--- Entries shown ---

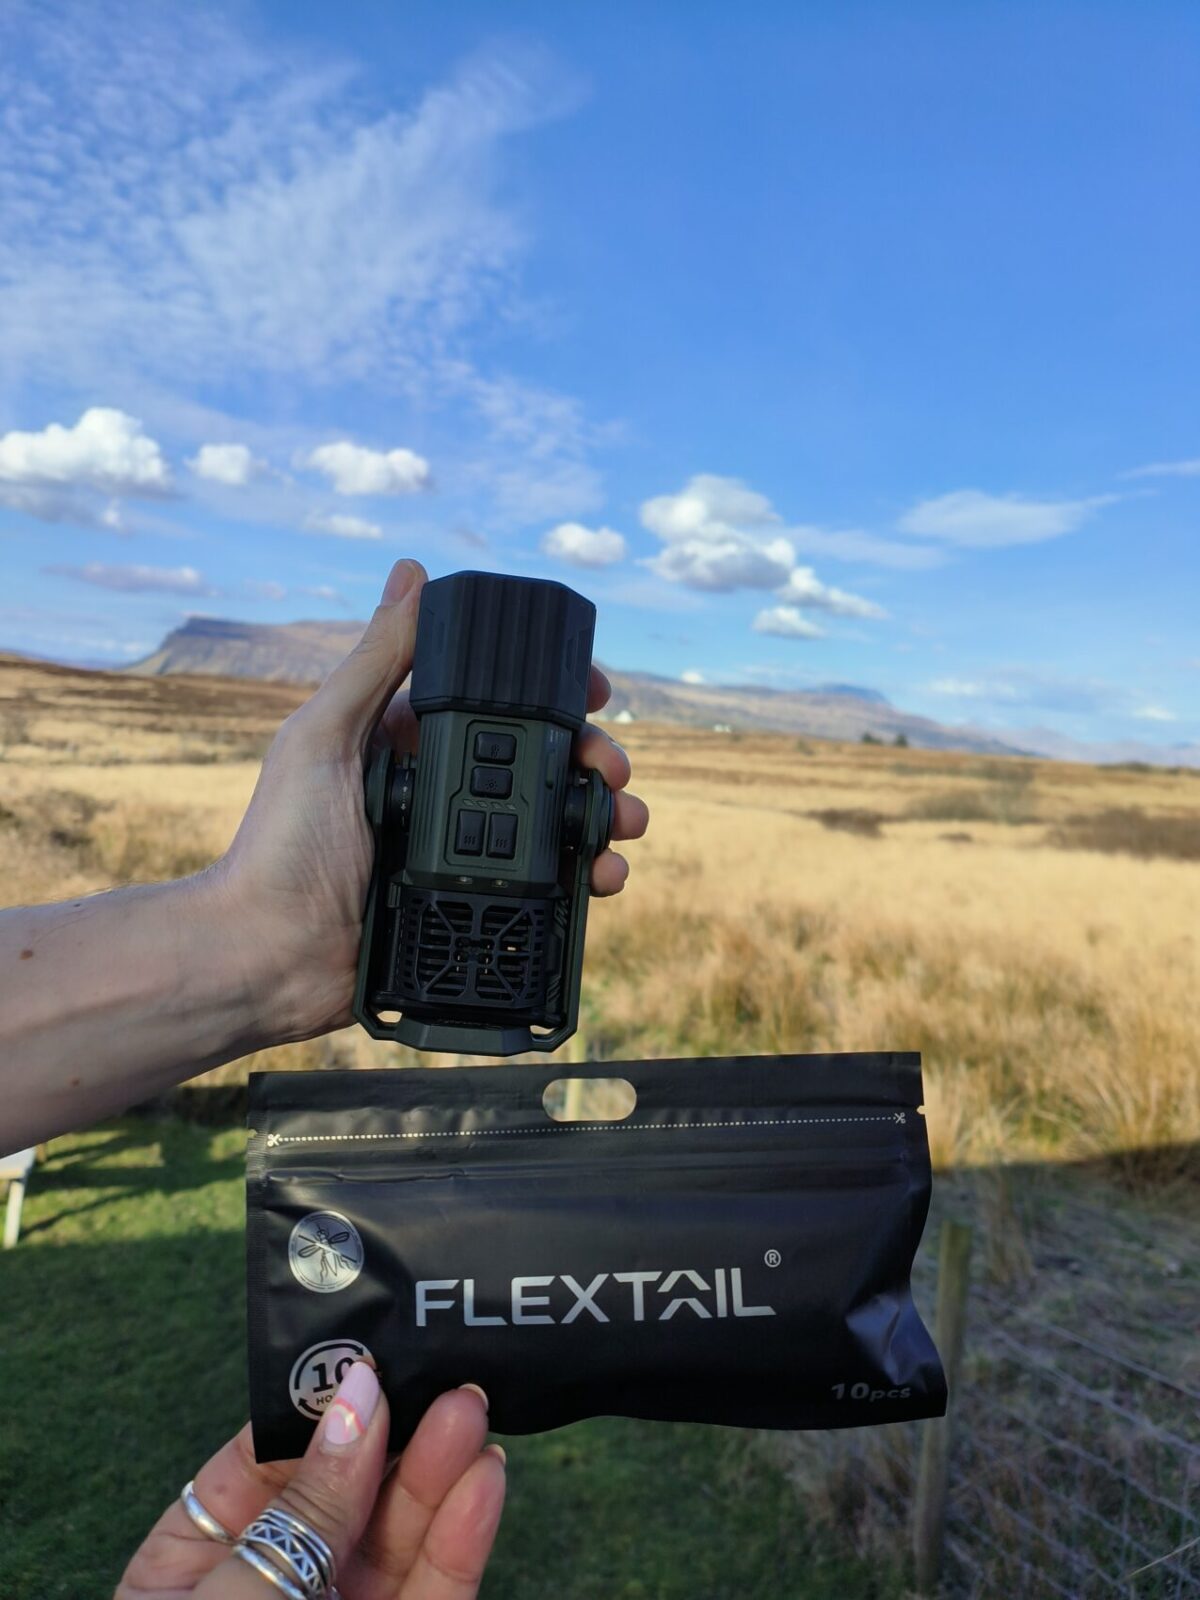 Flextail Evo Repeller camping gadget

---
--- Entries shown ---

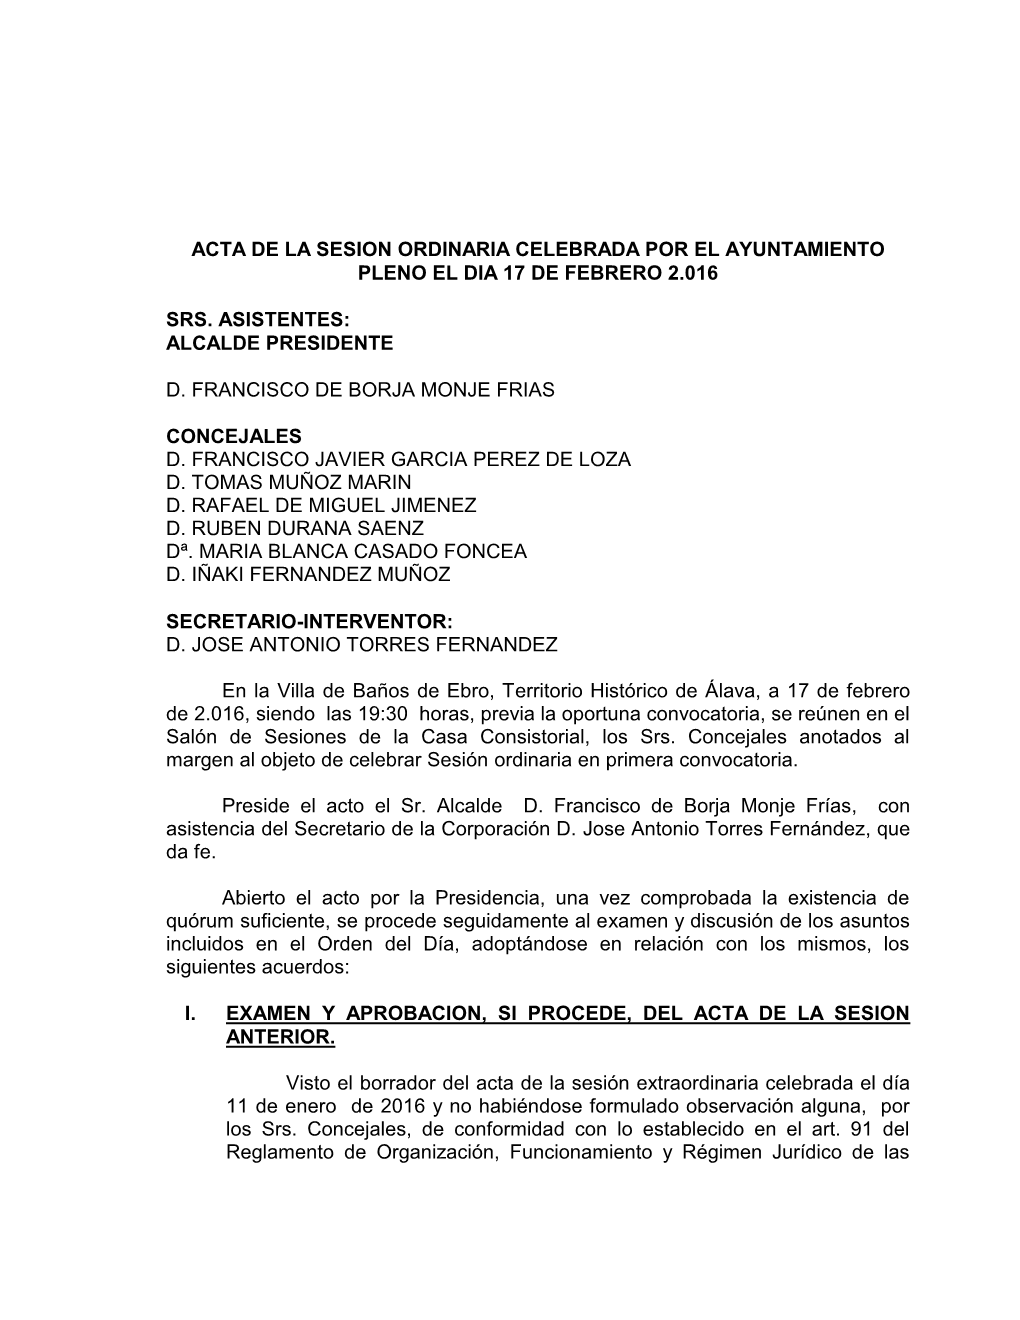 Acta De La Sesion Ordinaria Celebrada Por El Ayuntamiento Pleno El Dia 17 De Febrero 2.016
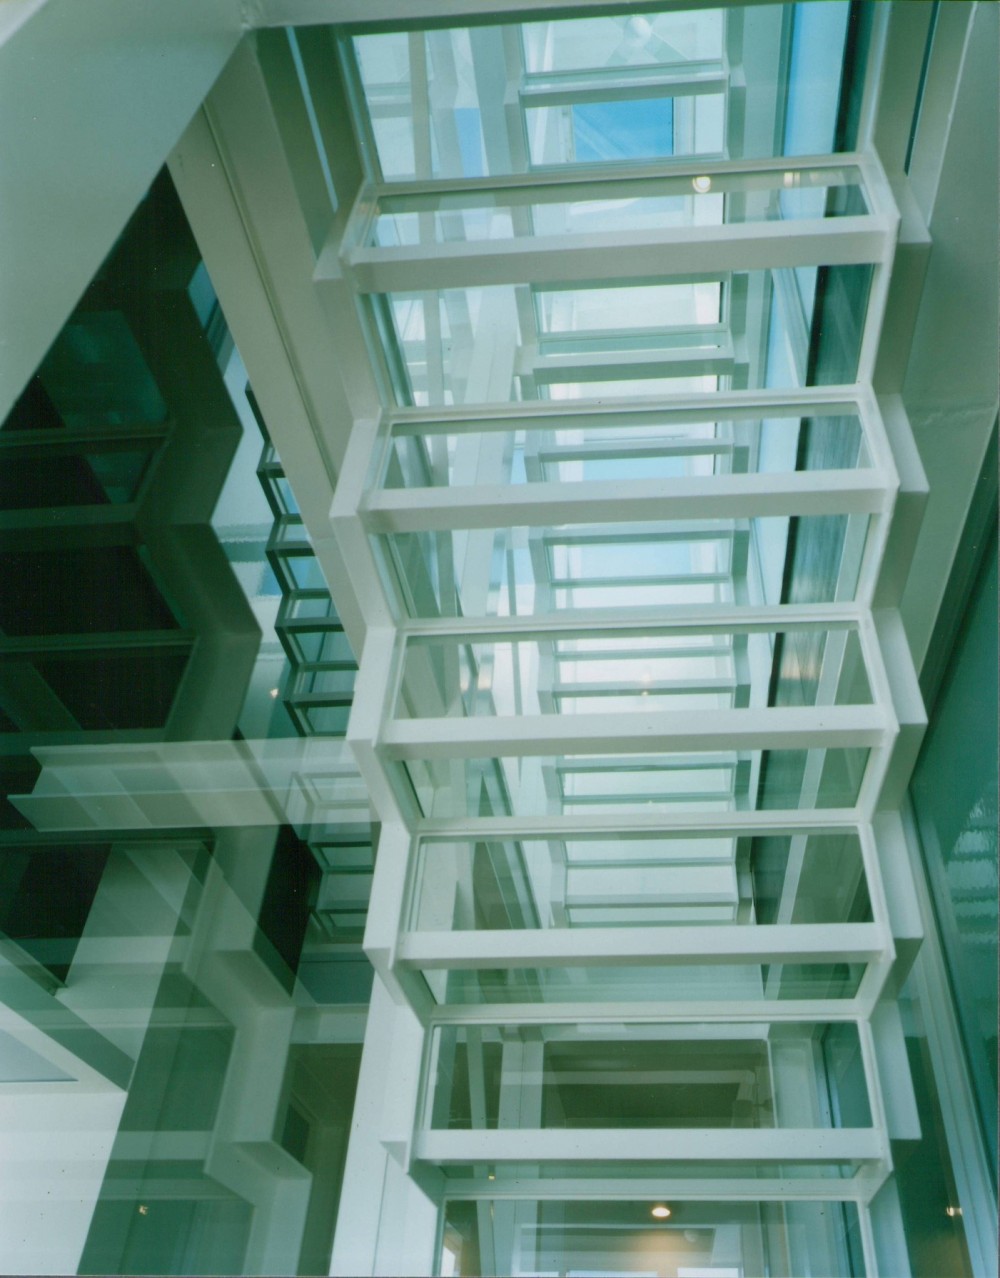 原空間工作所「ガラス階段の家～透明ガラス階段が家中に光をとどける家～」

---

• Work to be completed:
Using the data above, copy exactly the lines from the one containing "Acta De La Sesion" to the one containing "原空間工作所「ガラス階段の家～透明ガラス階段が家中に光をとどける家～」", inclusive. Exclude the pictures.

• Output of the exercise:
 Acta De La Sesion Ordinaria Celebrada Por El Ayuntamiento Pleno El Dia 17 De Febrero 2.016
 原空間工作所「ガラス階段の家～透明ガラス階段が家中に光をとどける家～」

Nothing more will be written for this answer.